--- INFORMATION Enclosed Below ---

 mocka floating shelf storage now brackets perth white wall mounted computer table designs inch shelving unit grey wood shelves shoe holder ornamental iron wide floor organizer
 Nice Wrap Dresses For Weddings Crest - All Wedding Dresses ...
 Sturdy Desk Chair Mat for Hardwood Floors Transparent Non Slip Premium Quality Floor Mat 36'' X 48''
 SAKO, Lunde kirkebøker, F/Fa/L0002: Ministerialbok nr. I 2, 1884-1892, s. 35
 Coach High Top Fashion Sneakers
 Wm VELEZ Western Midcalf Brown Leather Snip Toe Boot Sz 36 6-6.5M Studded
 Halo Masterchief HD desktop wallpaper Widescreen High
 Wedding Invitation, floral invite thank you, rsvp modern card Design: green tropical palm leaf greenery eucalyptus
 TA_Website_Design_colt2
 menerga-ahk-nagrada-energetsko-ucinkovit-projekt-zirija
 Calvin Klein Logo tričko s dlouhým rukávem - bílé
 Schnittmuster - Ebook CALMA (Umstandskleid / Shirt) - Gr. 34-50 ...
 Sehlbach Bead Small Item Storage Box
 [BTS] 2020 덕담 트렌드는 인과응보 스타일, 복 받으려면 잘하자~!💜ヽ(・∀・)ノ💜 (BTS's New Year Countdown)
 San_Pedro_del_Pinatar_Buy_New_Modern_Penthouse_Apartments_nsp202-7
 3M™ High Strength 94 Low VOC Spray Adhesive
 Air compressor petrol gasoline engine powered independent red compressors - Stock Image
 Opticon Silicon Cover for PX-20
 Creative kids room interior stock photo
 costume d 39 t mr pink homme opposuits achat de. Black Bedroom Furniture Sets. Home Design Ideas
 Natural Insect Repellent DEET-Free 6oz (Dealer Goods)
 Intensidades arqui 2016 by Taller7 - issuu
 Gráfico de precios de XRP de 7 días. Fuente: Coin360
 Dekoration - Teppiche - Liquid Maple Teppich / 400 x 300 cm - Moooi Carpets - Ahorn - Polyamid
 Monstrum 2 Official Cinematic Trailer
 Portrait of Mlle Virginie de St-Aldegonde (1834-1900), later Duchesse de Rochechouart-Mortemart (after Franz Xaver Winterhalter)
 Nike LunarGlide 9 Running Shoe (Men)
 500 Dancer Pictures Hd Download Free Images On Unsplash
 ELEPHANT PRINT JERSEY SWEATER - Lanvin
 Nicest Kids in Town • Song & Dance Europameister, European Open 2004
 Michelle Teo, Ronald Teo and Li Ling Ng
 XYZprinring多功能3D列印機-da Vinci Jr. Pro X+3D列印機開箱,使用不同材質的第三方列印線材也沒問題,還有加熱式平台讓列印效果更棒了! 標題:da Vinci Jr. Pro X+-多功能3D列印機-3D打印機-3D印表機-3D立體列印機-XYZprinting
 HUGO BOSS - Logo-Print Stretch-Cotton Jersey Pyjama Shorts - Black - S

--- End of Enclosed INFORMATION ---

Only the lines with the string "Wedding" are wanted; pick them out of the records above and copy them.

### RESPONSE TO THIS TASK
 Nice Wrap Dresses For Weddings Crest - All Wedding Dresses ...
 Wedding Invitation, floral invite thank you, rsvp modern card Design: green tropical palm leaf greenery eucalyptus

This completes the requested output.